He smiled too before he threw his self to my arms. In impulse, I put my arms around him and secured him in my embrace. I felt his fragile self shaking a little and I knew I was not imagining the feeling of wetness on my shirt.

"You have not asked me if you could embrace me," I said to him.

He laughed a bit chokingly, "I haven't, have I?"

I kept silent. It was just moments before he spoke again.

"Kunimitsu…" he said. "Can I embrace you?"

"Aa…" I answered.

"Can I also cry on you?"

For that, I did not answer, yet his tears had already flown free from his eyes, seeping into my shirt, into my skin, into my heart, where I too cried with him.

I could not recall how long we spent there holding each other like that. It was somehow cliché: some lovers cried because they would be parted from each other. And it was pure coincidence that the sun happened to set when that scene took place. As I observe it now when I recollect that moment, I could not stop myself from thinking of how cliché it was. I held him who was crying in my arms while the sun was setting in the background.

Still, it was different because I was participating in it. It was not just some random couple crying in sunset like those old cheap romance movies that people so fond of watching. It was me and my love that stood there, feeling sadness overlapped with love.

And somehow, that did not seem so cliché at all.

At last, when the first star had appeared on the darkened sky, we released our hold of each other. Seeing into his eyes, I found no regret there. He was serious when he said that he had accepted his inevitable fate. He was serious when he said that he was happy enough with having me on his side.

I too was happy enough having him with me, and I thought I had somehow accepted the worst possibility could happen to him. But that was just me and my stupid, childish thoughts. I thought I accepted it, but in fact, I could not.

No… I still can not…

That night I walked him to his room. After giving him a good night kiss I returned to my own room. The events that happened that day came again to me full force as I lay on my bed that night. I wondered why he suddenly brought up that matter at that certain day, was there any reason behind it.

I did not hope to get an answer to that question of mine, nevertheless I got the answer. As a matter of fact, I got it the very first thing on the following morning though it was not a kind of answer I hoped.

The ringing of my phone woke me up from my deep sleep. It was just the very beginning of dawn and I wondered who could be trying to talk to me in such a time. The caller ID gave out Atobe's identity and, with a frown, I took the phone up.

Hearing what he said, my mouth was opened, my eyes were widened, and even my heart seemed to stop beating for an instant.

One hour after that phone call, I was still sitting on the floor of my room, wearing nothing but my pants, and with dry eyes. This fact seems unimportant, but if you consider what news I had heard from Atobe that time, you would expect me crying heartily. Yet, I could not cry. My mouth tightened, my palms fisted, my heart ached.

But I still could not cry.

That was how I came to my consciousness of my own foolishness in thinking that I had accepted Fuji's words that he had said on the preceding day when in reality, I still could not.

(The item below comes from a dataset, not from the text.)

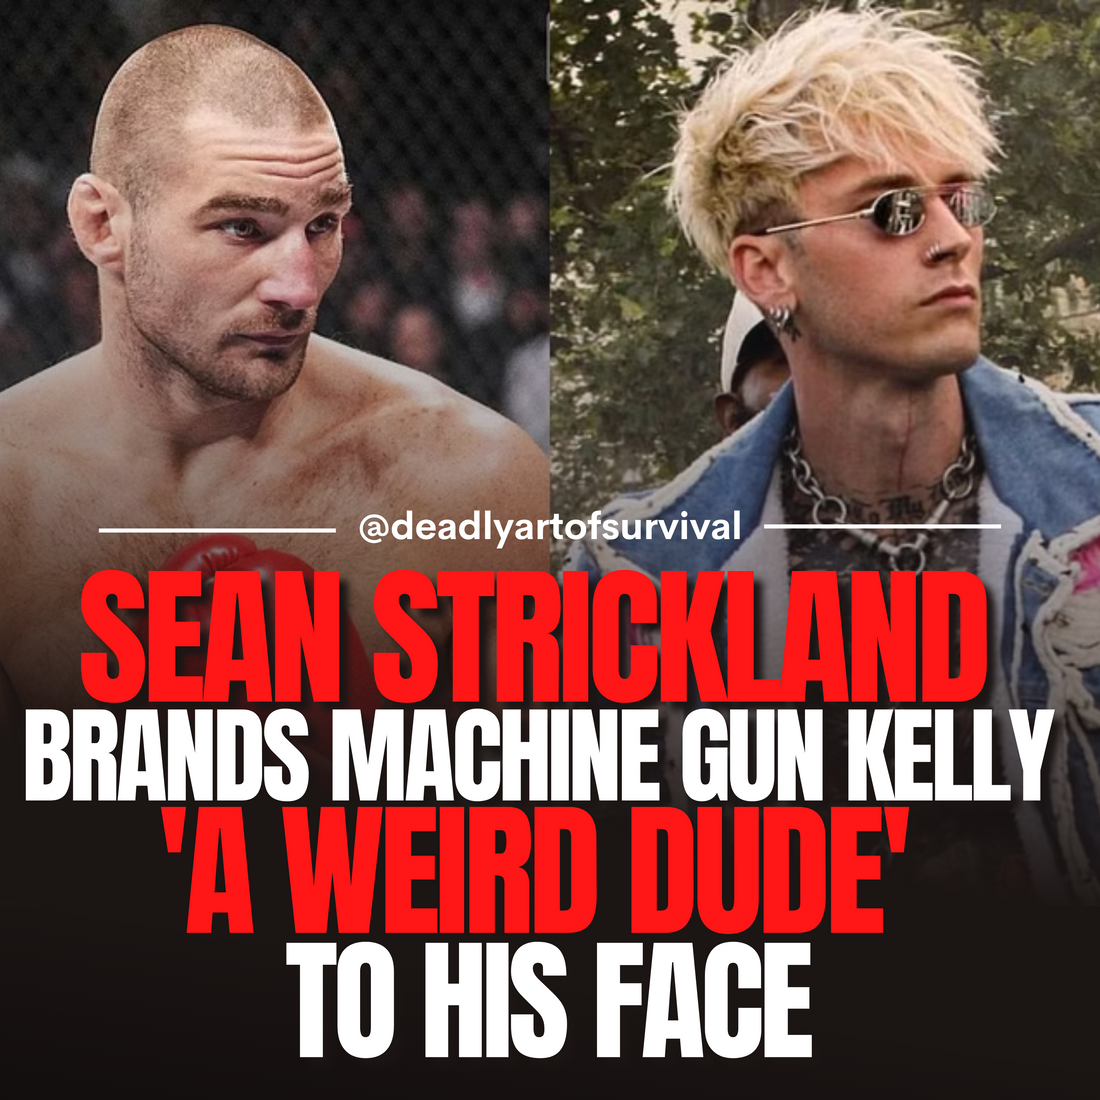 Sean-Strickland-Confronts-Machine-Gun-Kelly-Brands-Him-A-Weird-Dude-Face-to-Face deadlyartofsurvival.com

I knew it then, in a very hard way.

Realizing that, I smiled a little and with it came a single drop of tears from each of my eyes. That was all I let to pass before I got up and dressed. Some moments later I had already found myself in my way to the place where he was at that current moment.

I walked, without even once turning my back, to the hospital that Atobe had said in his phone call earlier. His words were still ringing in my mind though I still could not make use the most of it. I just grabbed the words Fuji, collapsed, and hospital.

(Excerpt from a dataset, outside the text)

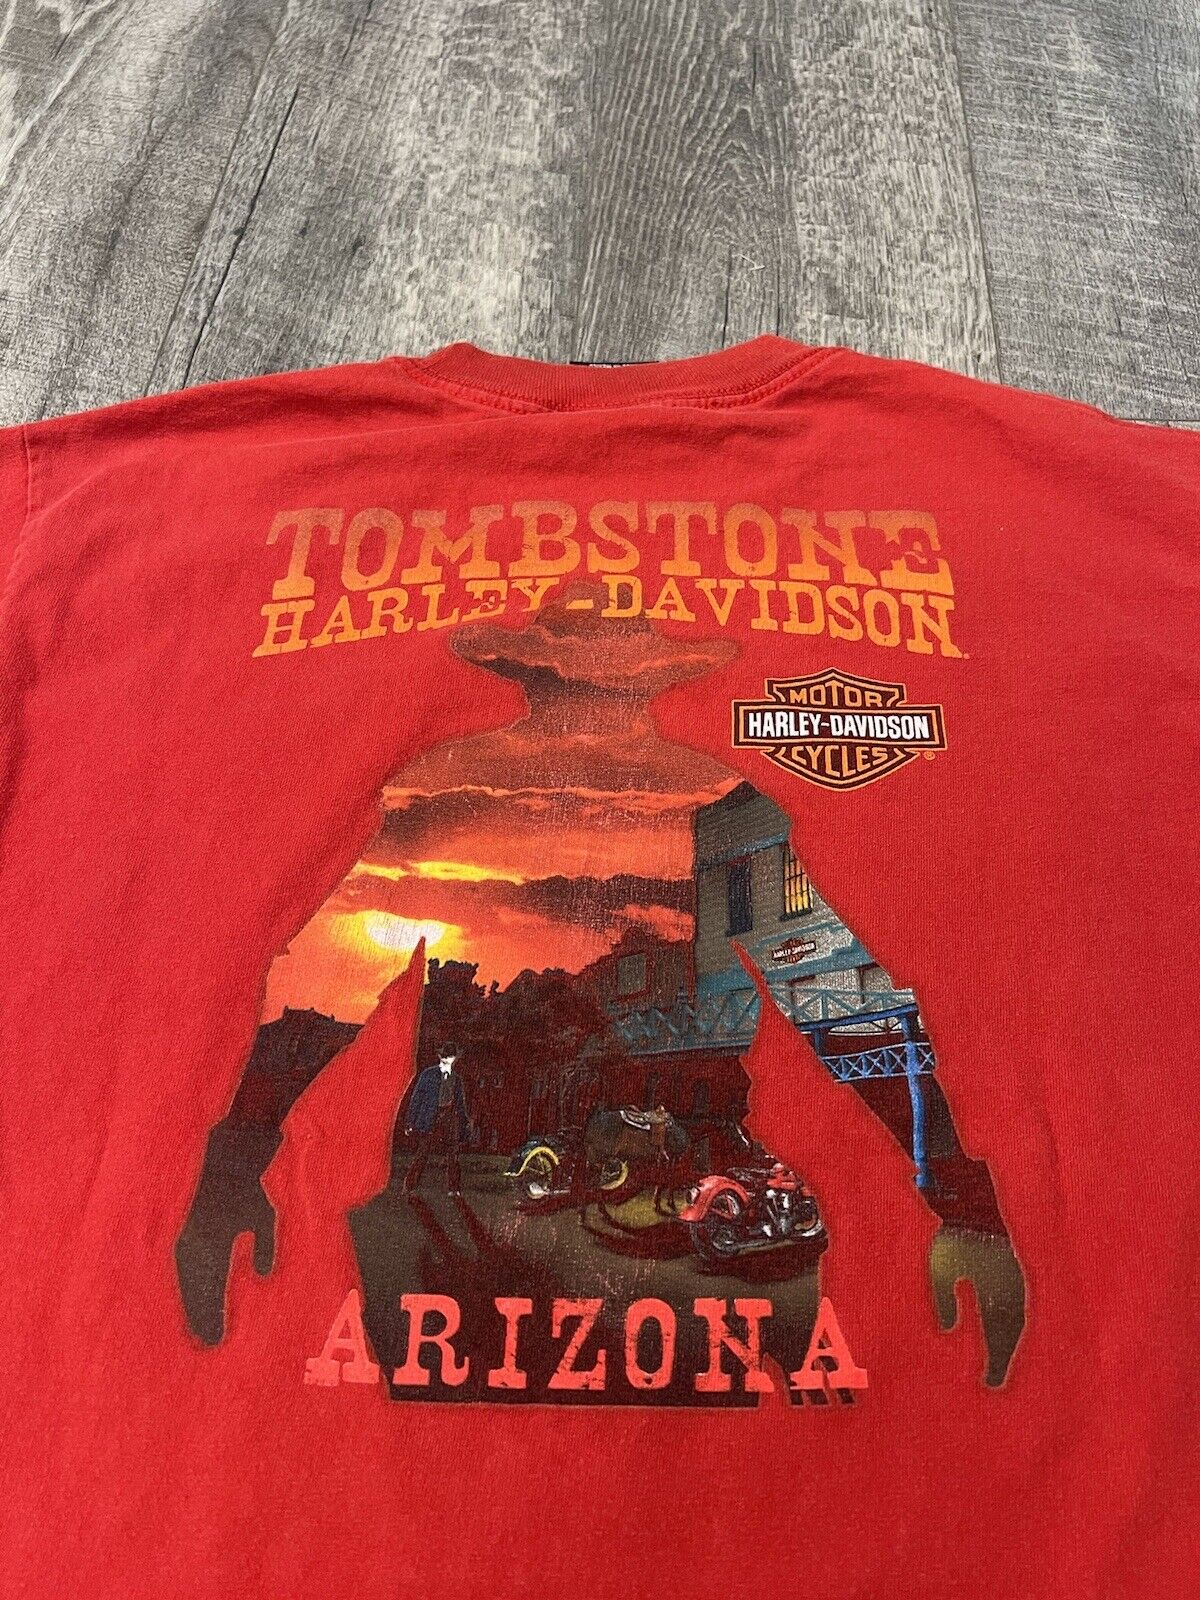 Harley Davidson Shirt Mens Medium Tombstone Arizona Cowboy Western Flame Fire

But really, that was enough, right?

And what a coincidence it was when I remembered the previous day when Fuji was still smiling beside me, saying those words with his soft voice.

'That is enough.'

I gritted my teeth as I opened the door of my car: that was enough. I tightened my lips as I started the engine: that was enough. I braced myself as I drove through the empty highways: that was enough.

Yet I cried.

I cried: that was not enough.

- end chapter 8 -

(A/N: drama and angst and sap and cliché in a single chapter, what say you? Just send us the review, then (smile) we consider death threat as review too, worry not… at least that shows people really care for us so much they want us die, and even tell us about it (sigh) so anyway… good encouraging reviews are always better… hope you like this chapter and please note that we now don't accept nuclear waste as review… that's bad for environment…)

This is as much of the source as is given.